Arthur, like other residents of O'ahu homes that abut cliffs and slopes, worries that the disaster that killed Dara Onishi in Nu'uanu on Aug. 9 could be repeated in her neighborhood.

Arthur's neighbors in Kalawahine Streamside, a new Hawaiian Homes development behind Roosevelt High School, have decided they don't want to wait for another tragedy before taking action.

Backed by the Kalawahine Streamside Neighborhood Association, they have complained to the Department of Hawaiian Home Lands and to the developer, Kamehameha Investment Corp., a for-profit subsidiary of the Kamehameha Schools trust.

Dirk Soma lives on Kapahu Street, a couple of houses down from Arthur. Two boulders are perched precariously on the slopes above his house, he said. Periodically, small rocks fall down the mountainside; during the year and a half since he moved in, he estimates, enough loose dirt has filtered down onto his lot to raise the elevation of his yard by several inches.

Soma recently went to Kamehameha Investment and asked that the slopes be subjected to an analysis by a professional geologist.

A Kamehameha representative told him he had a year under warranty to assess the property, but the warranty period had lapsed several months before, Soma said.

Louis Kau, president of Kamehameha Investment, said that although one of his representatives had met with Soma earlier in the week, his company had just received a letter from the Kalawahine Streamside Neighborhood Association, and from another of Soma's neighbors, yesterday morning. He said he was going to have to study the matter further before determining exactly what Kamehameha would do.

"The Department (of Hawaiian Home Lands) is talking about geological studies," Kau said. "We're in favor of that and willing to assist however we can, but we don't know who will be responsible for any work that has to be done."

Kamehameha Investment completed the $26 million Kalawahine Streamside development in April 2001. The neighborhood consists of 54 multilevel duplex units and 33 three-story, single-family homes. Built on Hawaiian Homes land, the units sold for prices ranging from $175,000 to $226,000.

Francis Apoliona, a spokesman for Hawaiian Home Lands, said his department would do a soil analysis in the neighborhood. He said talks with Kamehameha Investment were continuing.

"We're the landowners, and we take our responsibility seriously," he said. "We need to get our partners involved, but if we have to do it ourselves, we'll do it ourselves."

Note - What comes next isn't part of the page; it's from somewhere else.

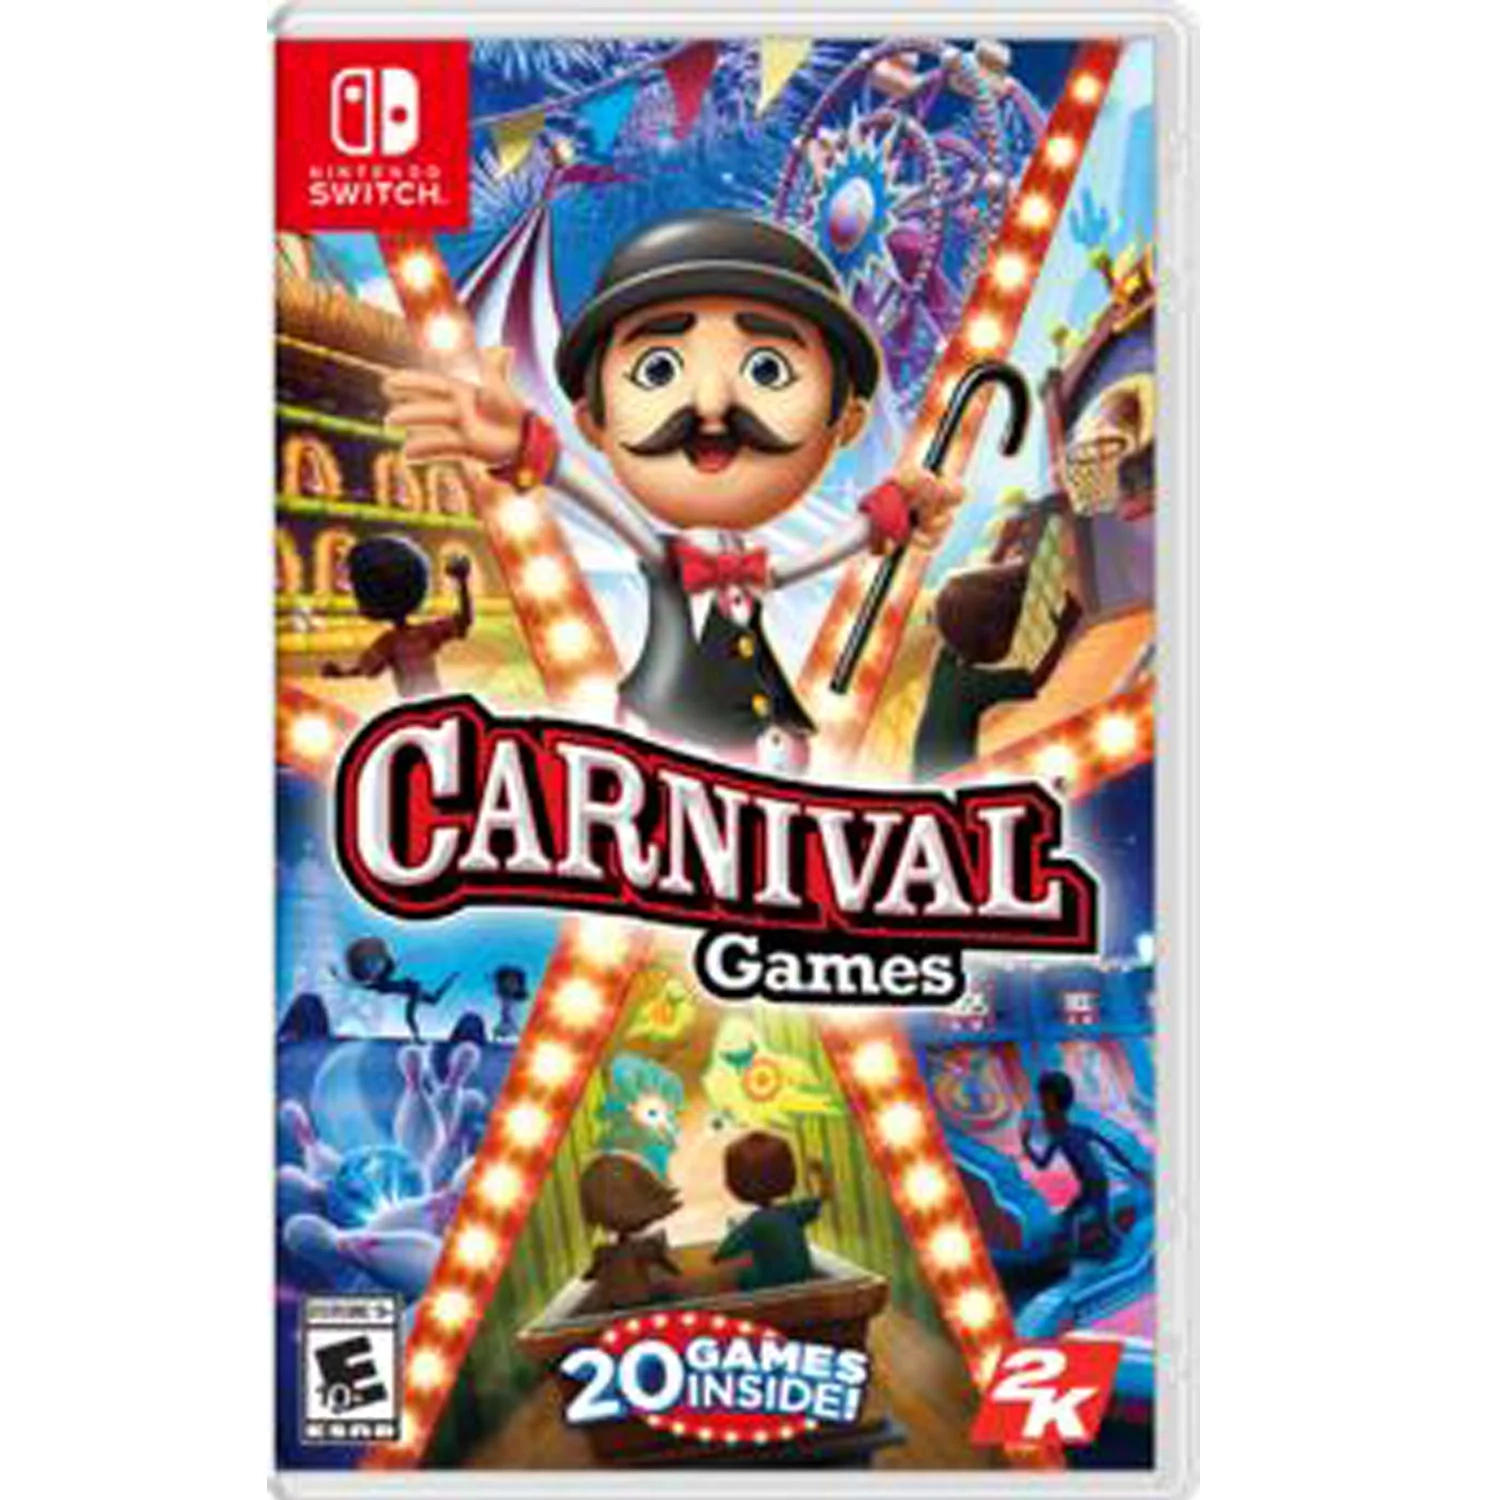 Carnival Games for Nintendo Switch [VIDEOGAMES]

Apoliona said the Kalawahine Valley isn't backed by slopes as steep as those in Nu'uanu, but the rock that fell against Arthur's fence was about 3 feet across and could be an indication that further problems are lurking above.

He said he didn't think the Kalawahine homeowners were the only valley residents likely to be looking nervously up the cliffs and slopes after hearing about Onishi's death.

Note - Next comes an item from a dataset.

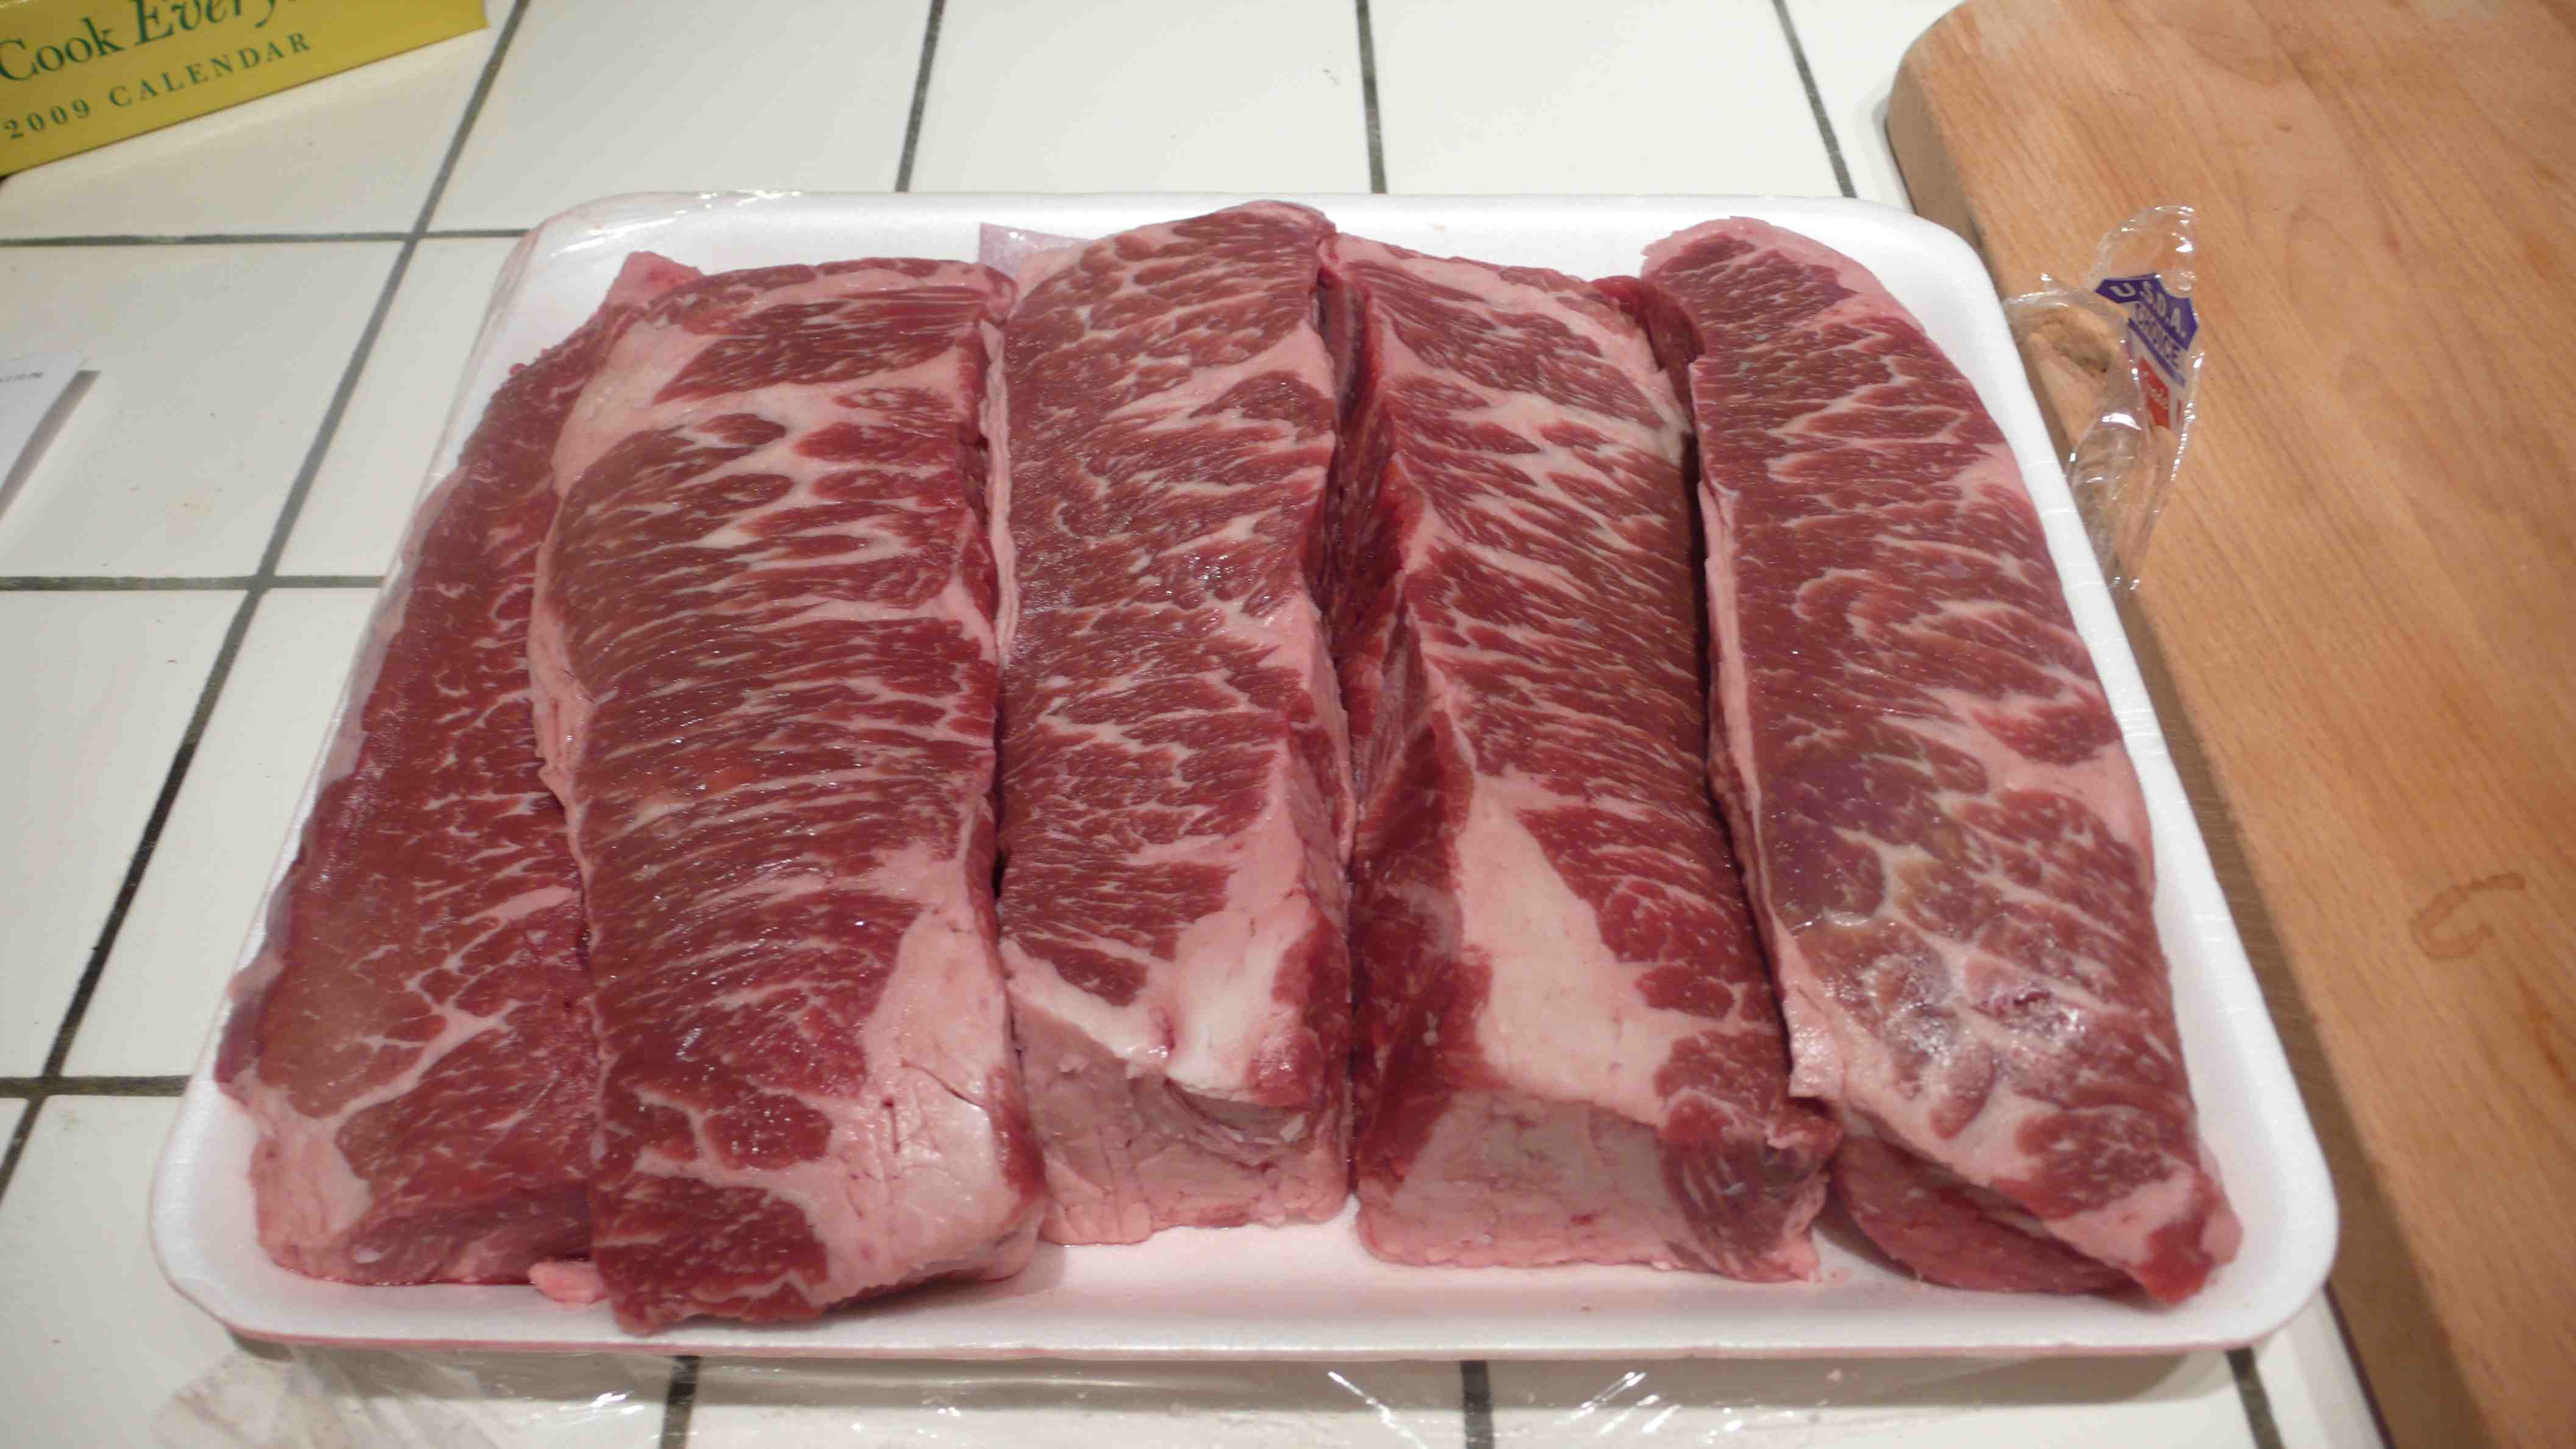 one 4 pound package of short rib meat from Costco

"I live in St. Louis Heights and I think I'm going to go home and take a look around," Apoliona said.

The neighborhood where Onishi was killed is still dealing with its rock problem. The cliffs above Onishi's Henry Street home has private owners who hired a geologist after the tragedy to assess the rock hazards.

Residents of the area were informed this week by the O'ahu Civil Defense Agency that another boulder sits precariously on the slopes above. An attorney for the owners of the cliff property said Tuesday that his clients are considering a number of safety measures, including removing the boulder or securing it with cables and netting.

And Hawaiian Home Lands has dealt with falling rocks mauka of Roosevelt High School before.

Leon Miguel, an estimator for Perfecto Engineering and Construction, said his company recently removed part of the mountain behind some houses in the 2200 block of Anianiku Street, a few blocks from Kalawahine Streamside, for Hawaiian Home Lands.

Rocks once were rolling down those slopes, too, he said.

The job involved heavy excavation and rock-breaking equipment, he said. Concrete mixed with rock was used to reinforce part of the hillside.

The work took three months to complete. The bill to Hawaiian Home Lands was about half a million dollars, he said.